─── RECORDED INFORMATION ───

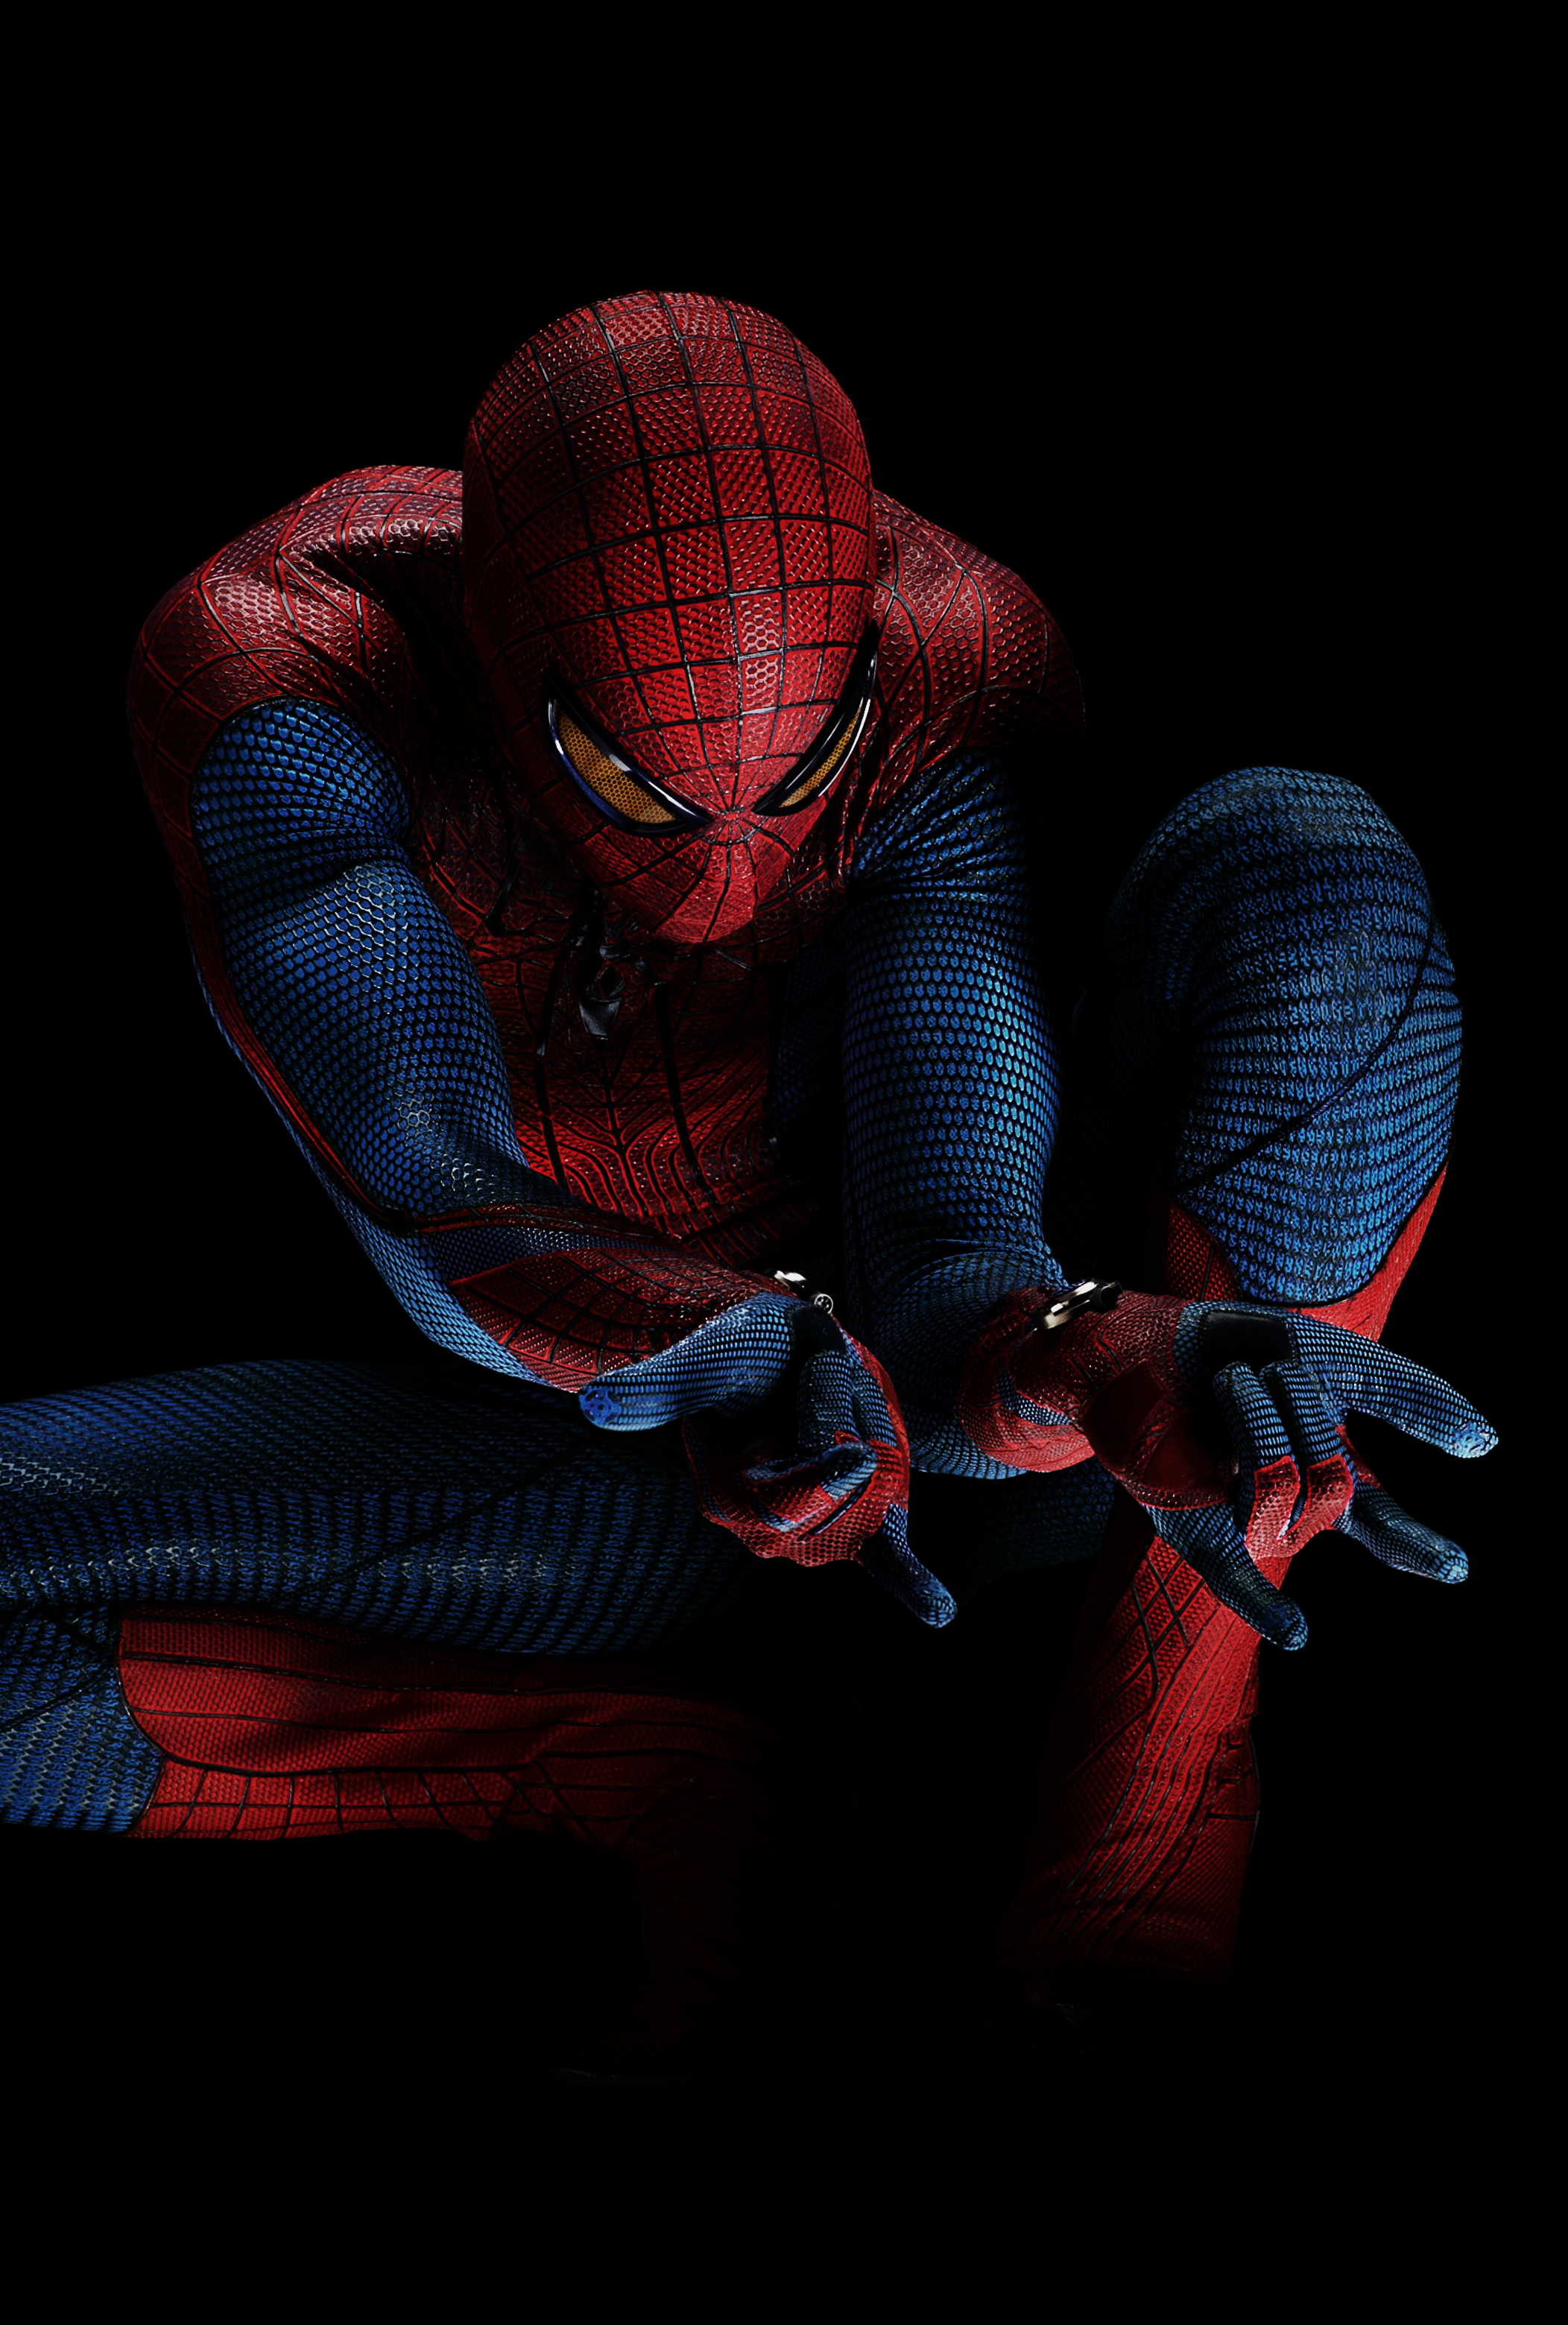 amazing-spider-man.jpg
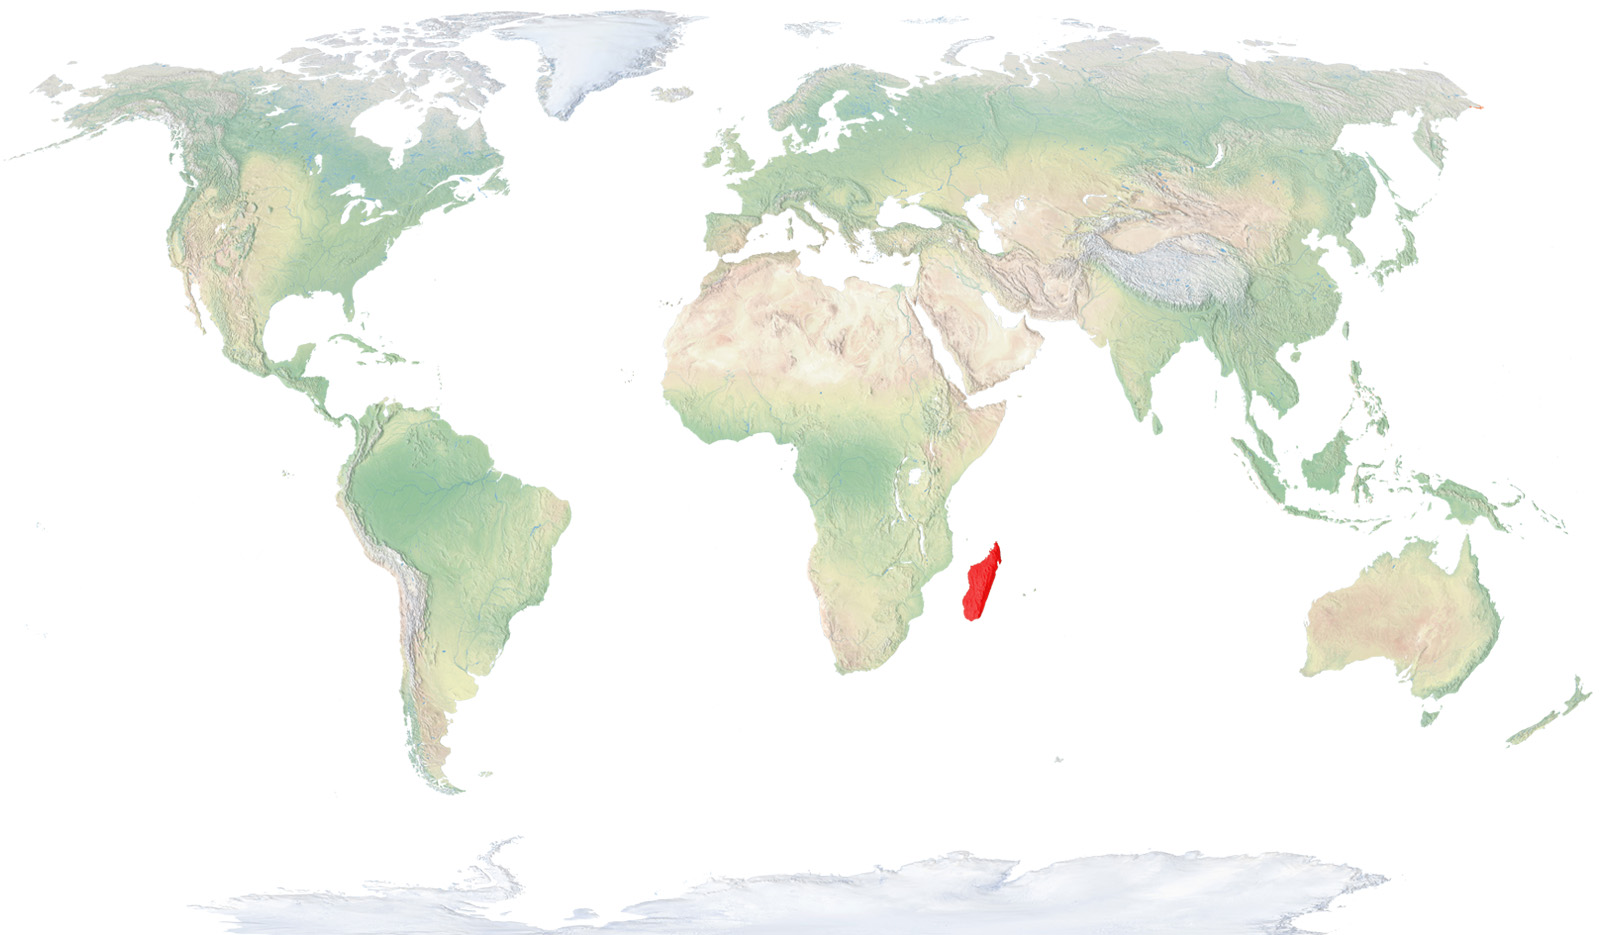 Viu exclusivament a la meitat occidental de l'illa de Madagascar, principalment en regions del centre i el sud properes a la costa. També es troba, probablement introduïda, a l'illa de la Reunió, a l’oceà Índic
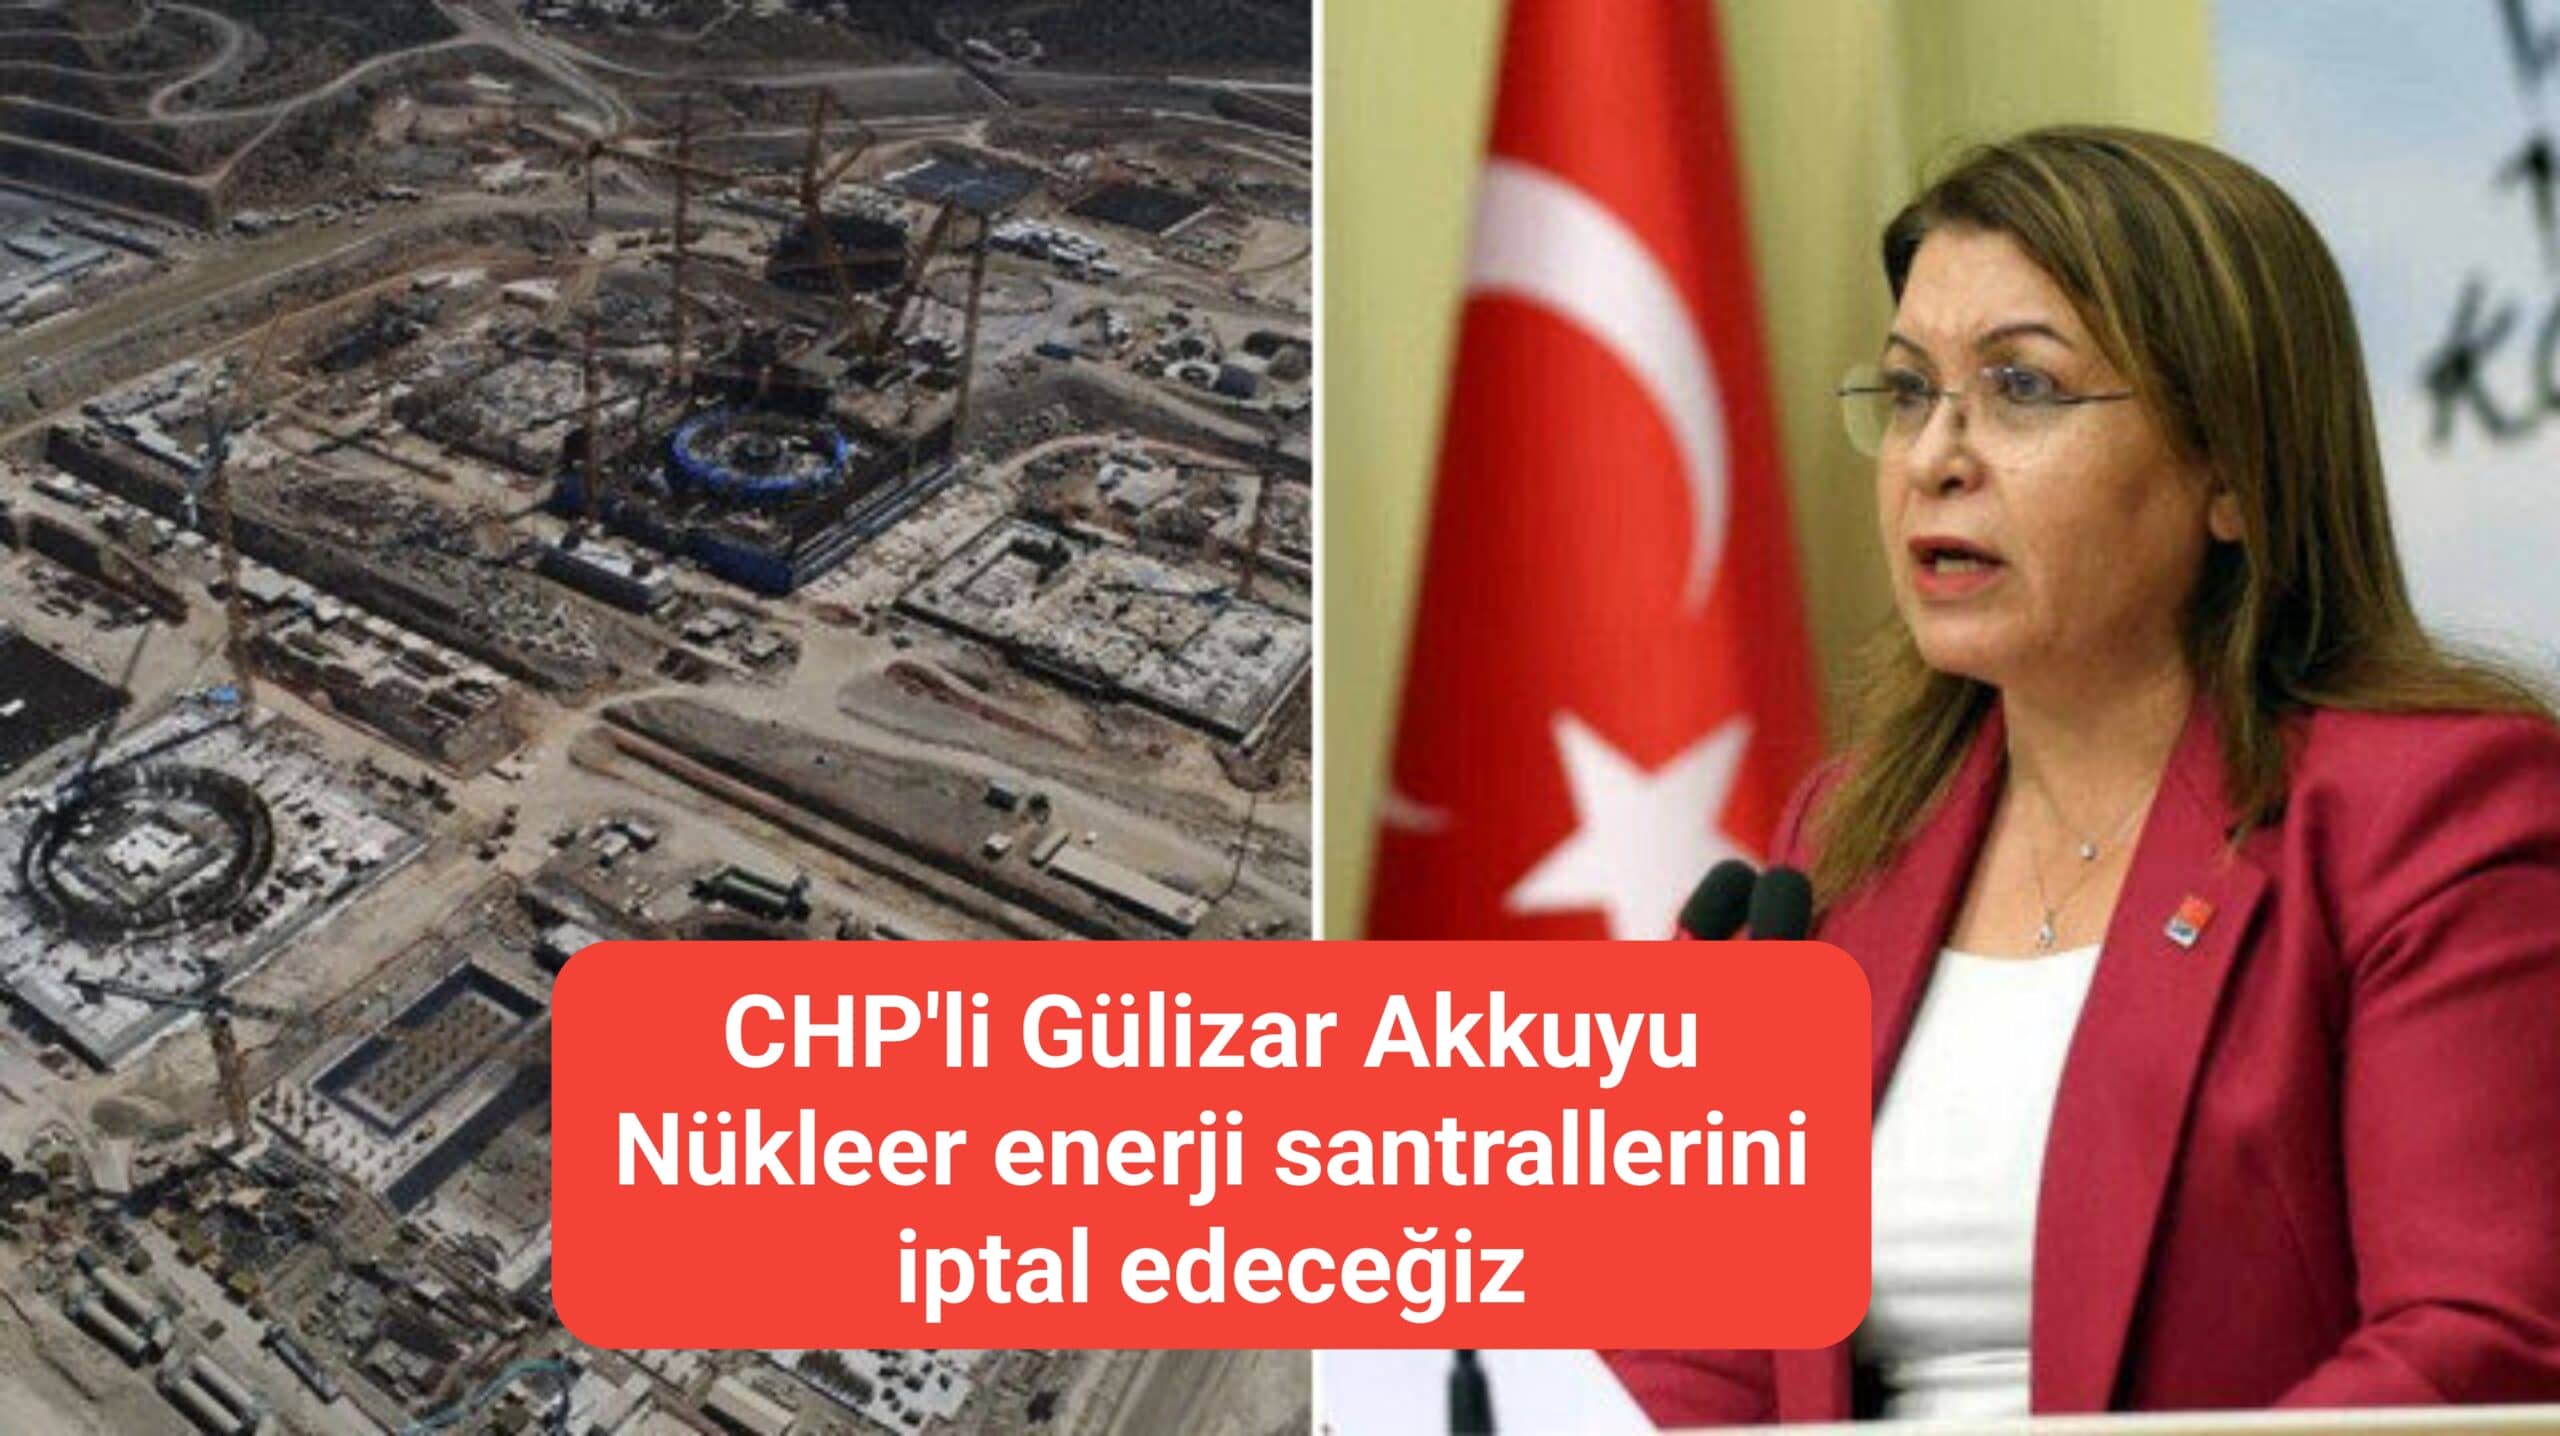 CHP'li Gülizar Akkuyu Nükleer enerji santrallerini iptal edeceğiz

───

The whole listing is to be written out exactly; the pictures stay out of the copy.

**TASK ANSWER:**
 amazing-spider-man.jpg
 Viu exclusivament a la meitat occidental de l'illa de Madagascar, principalment en regions del centre i el sud properes a la costa. També es troba, probablement introduïda, a l'illa de la Reunió, a l’oceà Índic
 CHP'li Gülizar Akkuyu Nükleer enerji santrallerini iptal edeceğiz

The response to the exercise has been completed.